The question goes like this: "Say you have X,Y,Z three random variables such that the correlation of X and Y is something and the correlation of Y and Z is something else, what are the possible correlations for X and Z in terms of the other two correlations?"

We'll give a complete answer to this question, using the Cauchy-Schwarz inequality and the fact that $\mathcal{L}^2$ is a Hilbert space.

The Cauchy-Schwarz inequality says that if x,y are two vectors in an inner product space, then

$$\lvert\langle x,y\rangle\rvert \leq \sqrt{\langle x,x\rangle\langle y,y\rangle}$$

This is used to justify the notion of an ''angle'' in abstract vector spaces, since it gives the constraint

$$-1 \leq \frac{\langle x,y\rangle}{\sqrt{\langle x,x\rangle\langle y,y\rangle}} \leq 1$$ which means we can interpret it as the cosine of the angle between the vectors x and y.

A Hilbert space is an infinite dimensional vector space with an inner product. The important thing for this post is that in a Hilbert space the inner product allows us to do geometry with the vectors, which in this case are random variables. We'll take for granted that the space of mean 0 random variables with variance 1 is a Hilbert space, with inner product $\mathbb{E}[XY]$. Note that, in particular

$$\frac{\langle X,Y\rangle}{\sqrt{\langle X,X\rangle\langle Y,Y\rangle}} = \text{Cor}(X,Y)$$

This often leads people to say that ''correlations are cosines'', which is intuitively true, but not formally correct, as they certainly aren't the cosines we naturally think of (this space is infinite dimensional), but all of the laws hold (like Pythagorean theorem, law of cosines) if we define them to be the negative of the cosines of the angle between two random variables, whose lengths we can think of as their standard deviations in this vector space.

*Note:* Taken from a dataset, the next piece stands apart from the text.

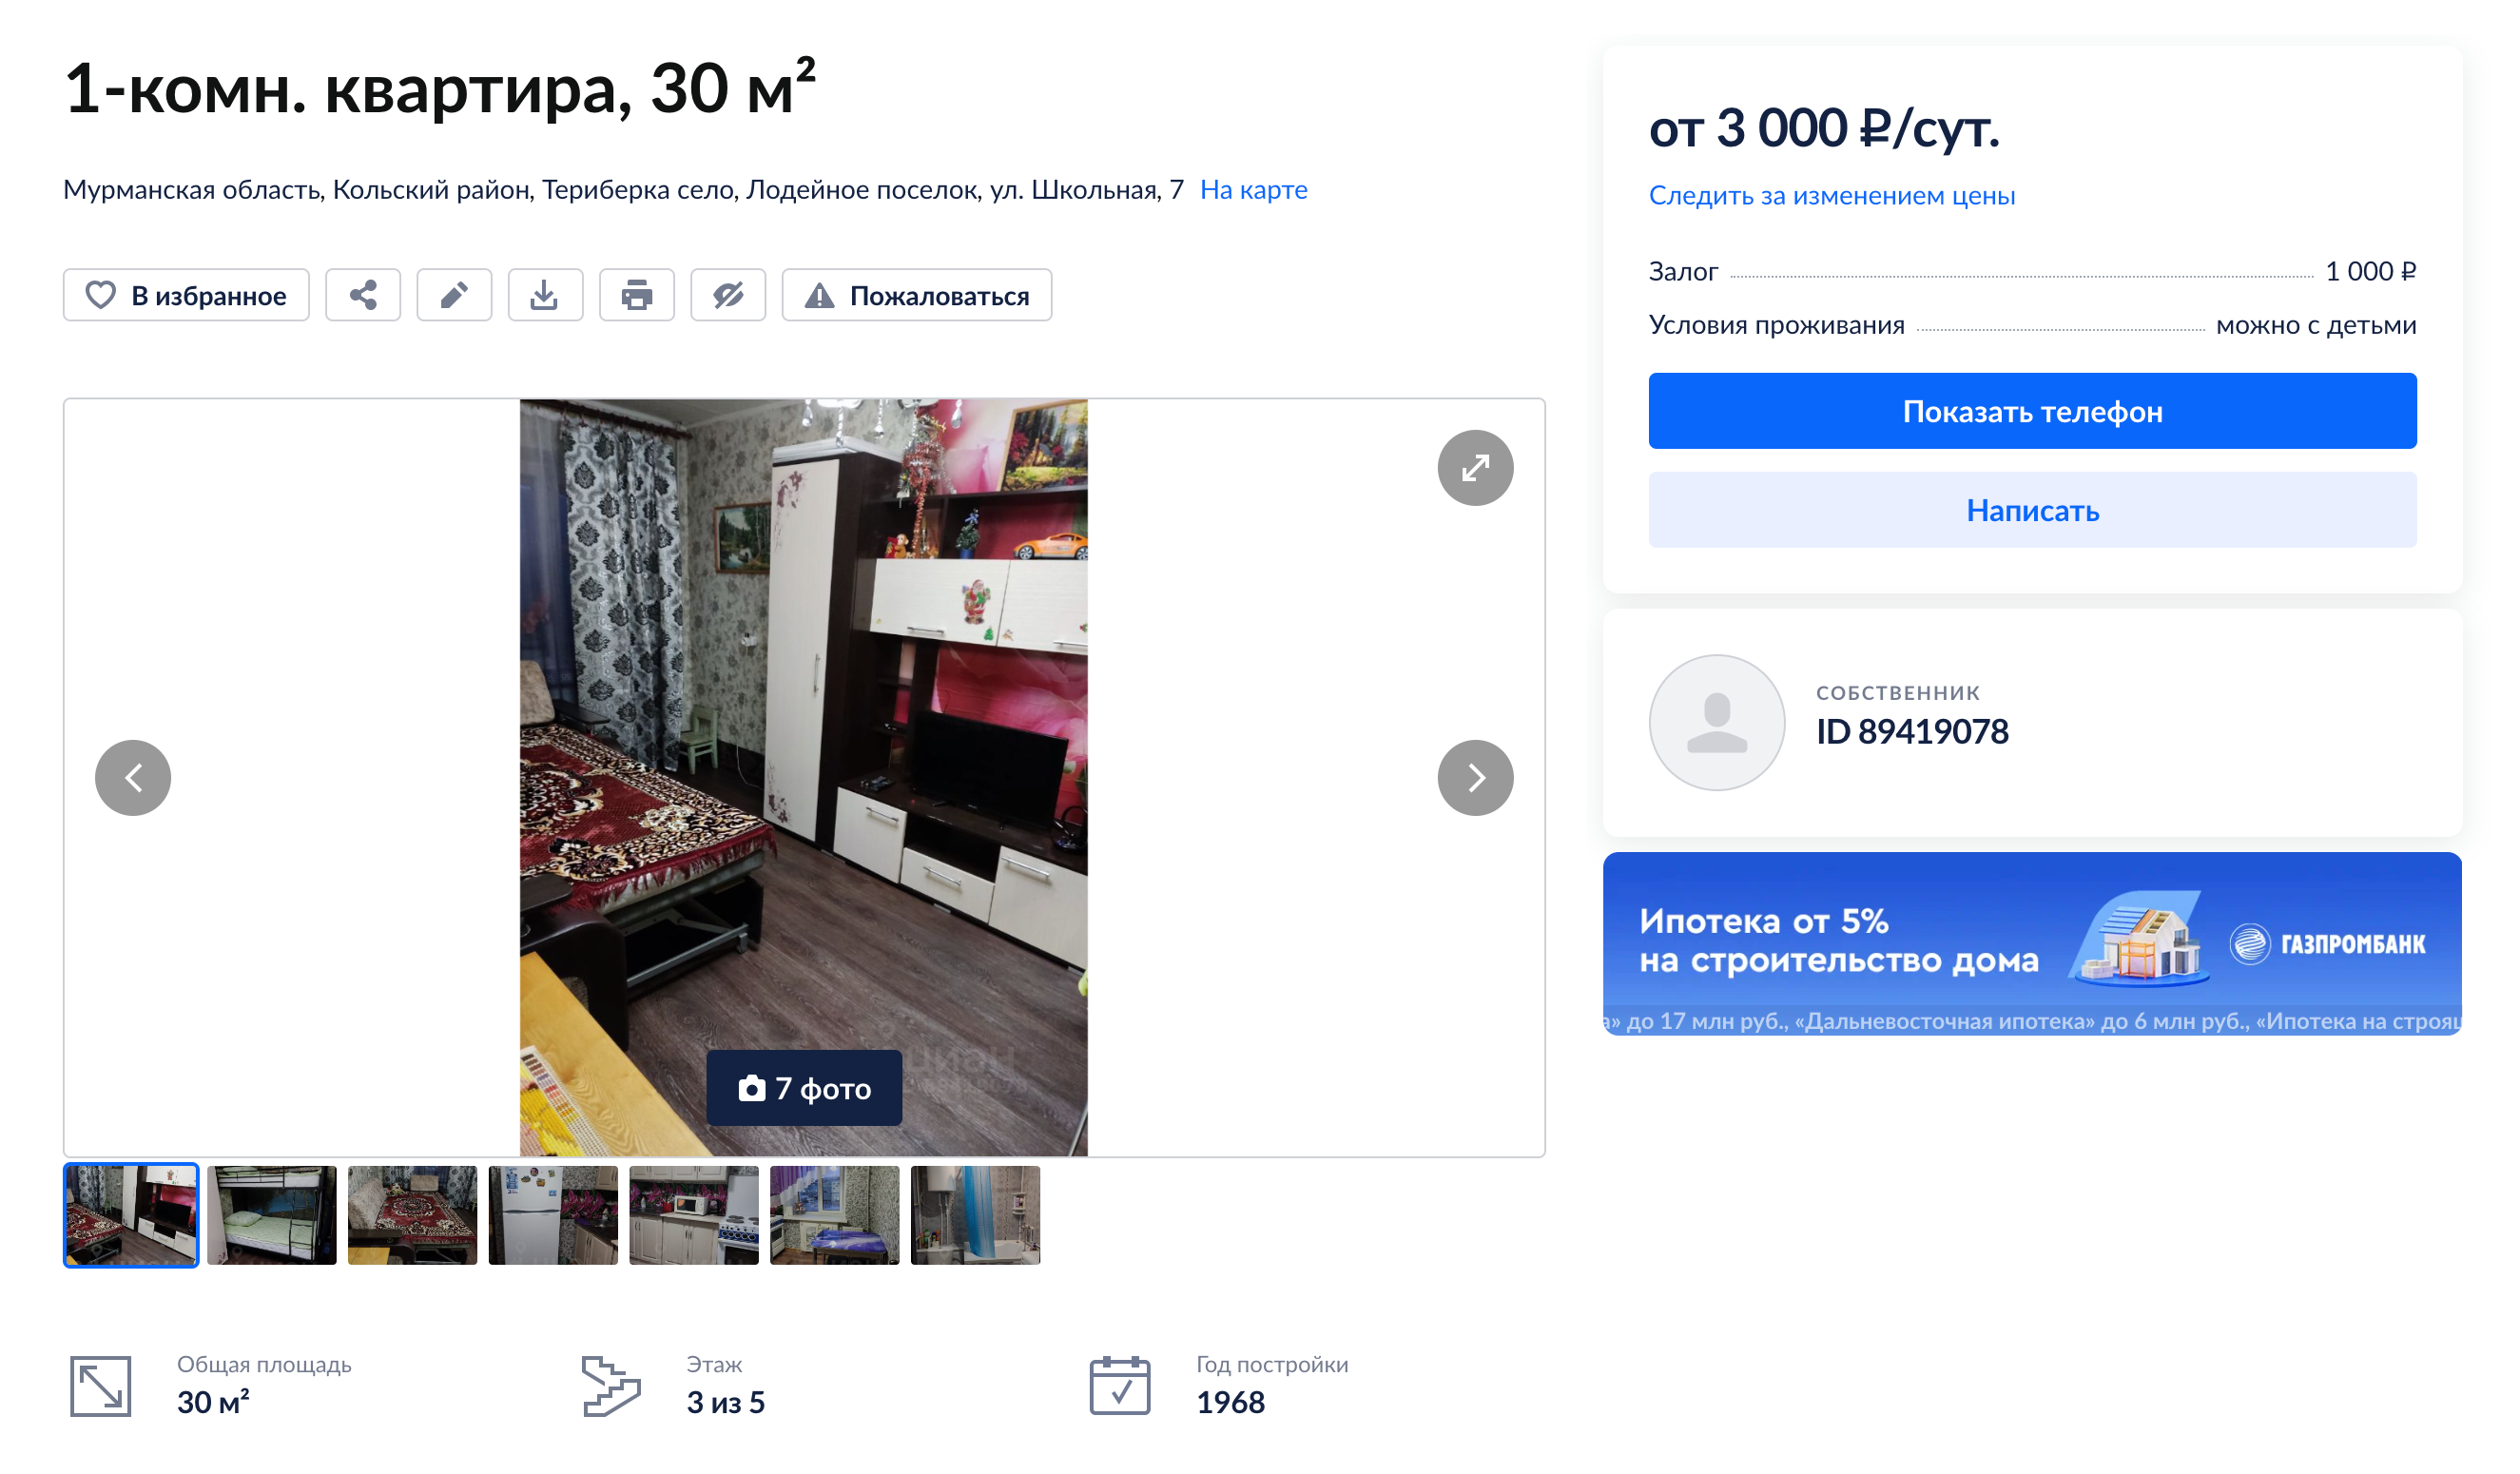 Обычная квартира без излишеств на семью от четырех человек стоит 3000 ₽ в сутки. Источник: cian.ru

Because this space is a Hilbert space, we can do all of the geometry that we did in high school, such as projecting vectors onto one another, doing orthogonal decomposition, etc. To solve this question, we use orthogonal decomposition, which is often called the ''uncorrelation trick'' in statistics and consists of writing a random variable as a function of another random variable plus a random variable that is uncorrelated with the second random variable. This is especially useful in the case of multivariate normal random variables, when two components being uncorrelated implies independence.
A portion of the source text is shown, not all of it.